== Segment start ==

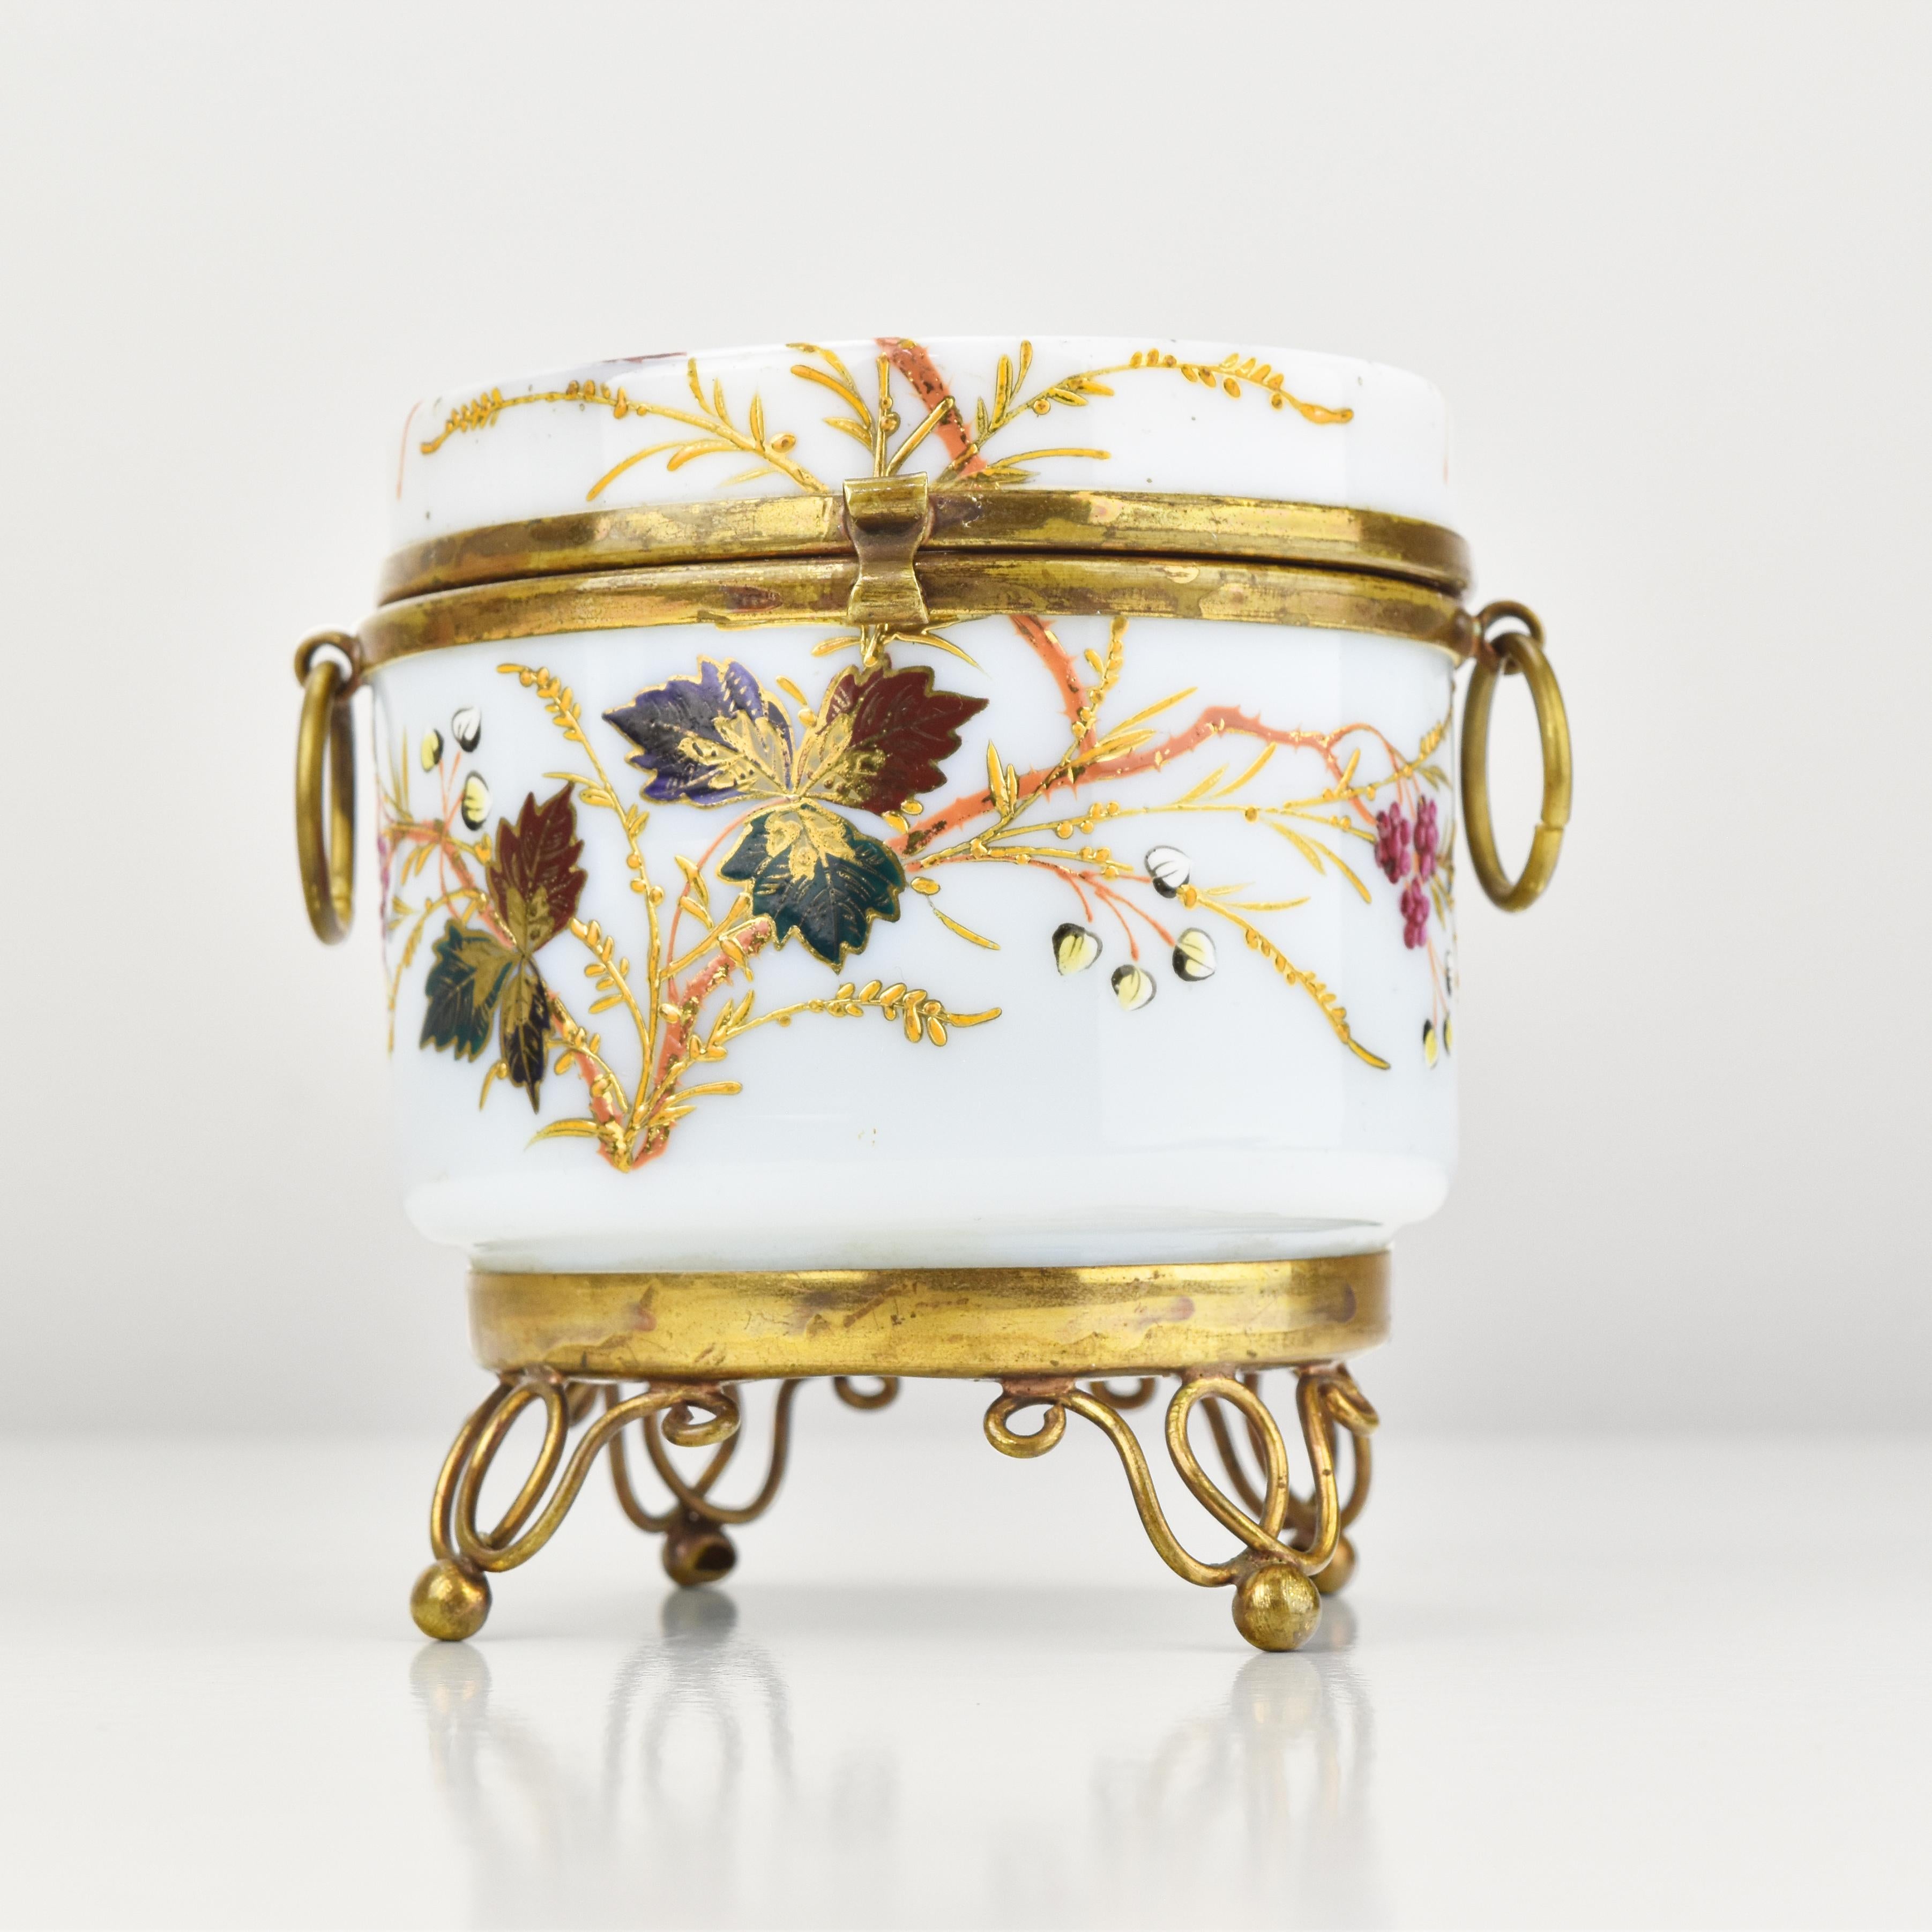 Diese antike viktorianische Opalglas-Schmuckschatulle ist ein echtes Zeugnis der Opulenz und Eleganz dieser Epoche.

Das Prunkstück ist zweifellos die exquisite florale Emaillemalerei, die die Oberfläche mit kunstvollen Details und leuchtenden
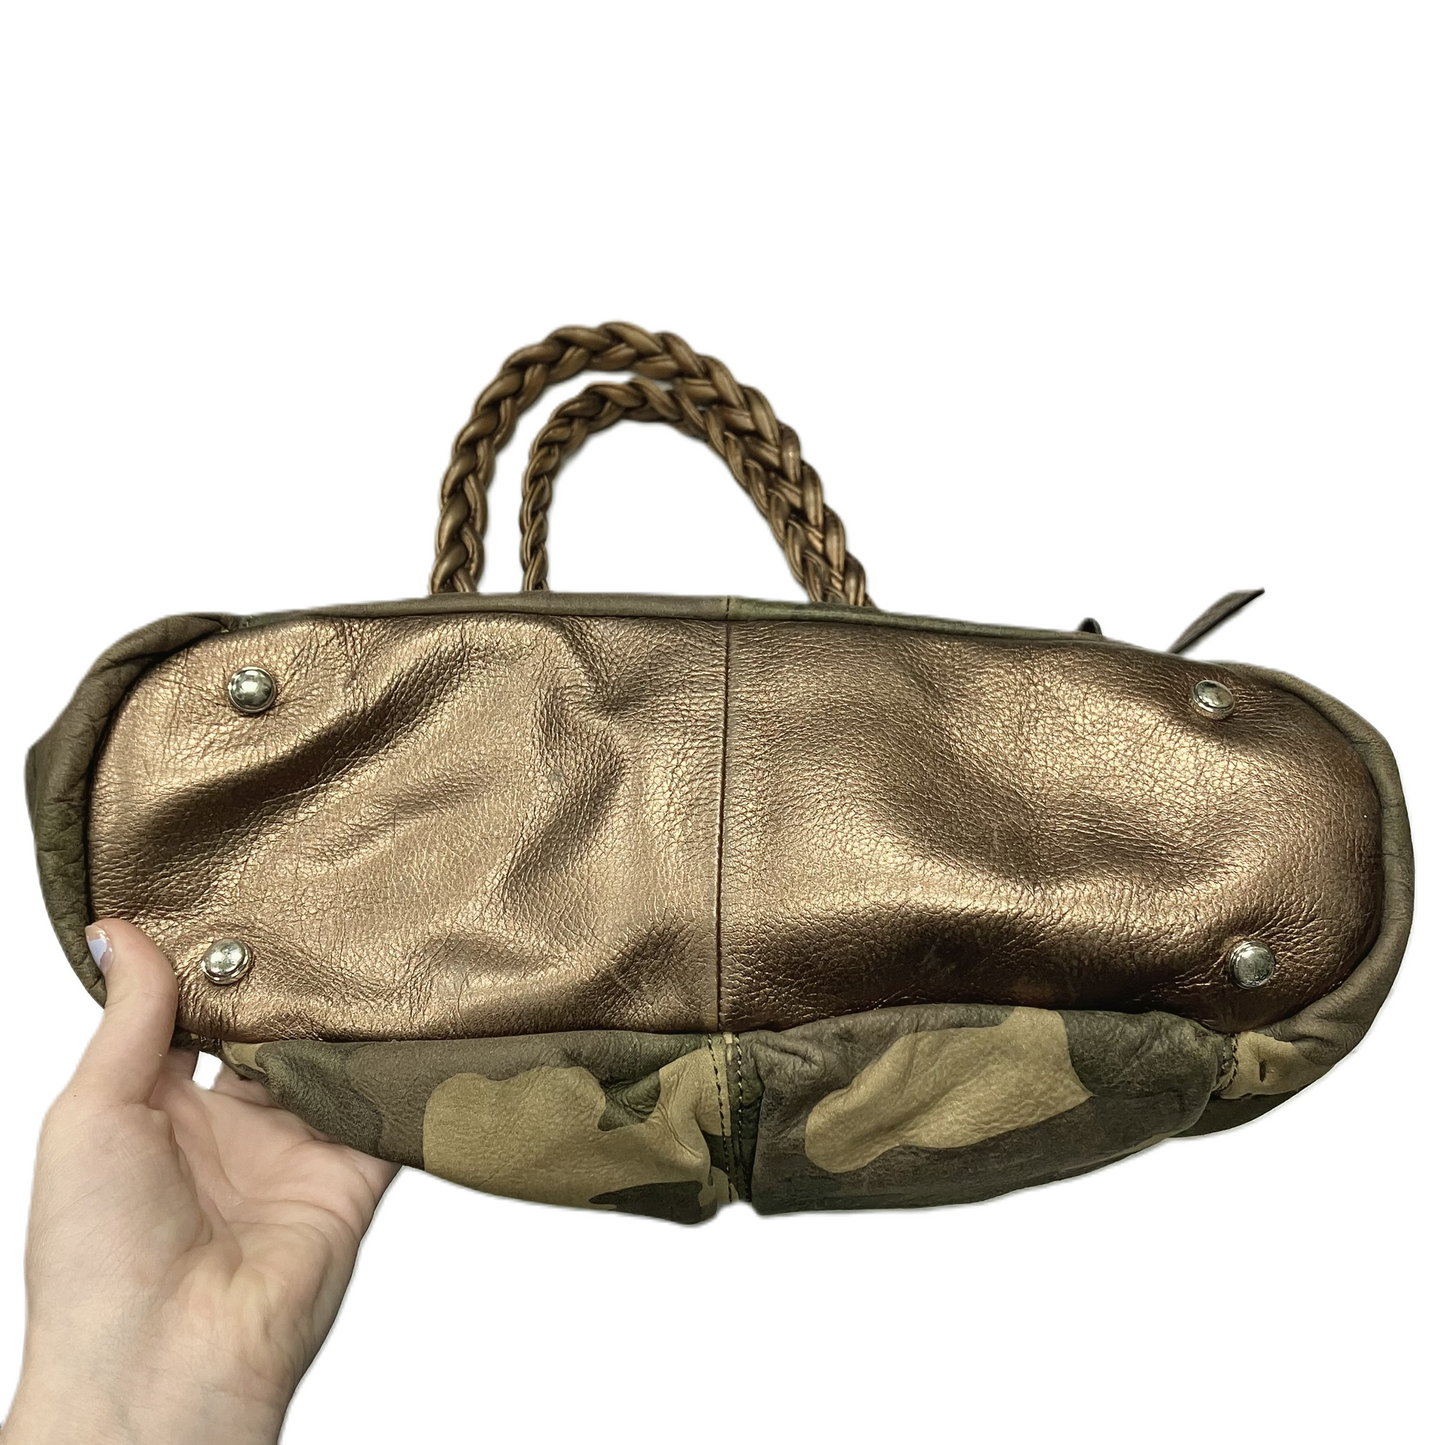 Handbag Designer By B. Makowsky  Size: Medium

== Segment end ==

Exclude every image and return the material above exactly.

 Diese antike viktorianische Opalglas-Schmuckschatulle ist ein echtes Zeugnis der Opulenz und Eleganz dieser Epoche.

Das Prunkstück ist zweifellos die exquisite florale Emaillemalerei, die die Oberfläche mit kunstvollen Details und leuchtenden
 Handbag Designer By B. Makowsky  Size: Medium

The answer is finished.